• **Task goal**
All lines in the listing below from the one containing "Agen HWI Cikarang: Prime" through the last should be written out exactly, and only those.

• **Information shown**
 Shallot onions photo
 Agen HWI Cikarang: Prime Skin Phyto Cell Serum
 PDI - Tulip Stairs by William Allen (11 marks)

• **Completed exercise**
 Agen HWI Cikarang: Prime Skin Phyto Cell Serum
 PDI - Tulip Stairs by William Allen (11 marks)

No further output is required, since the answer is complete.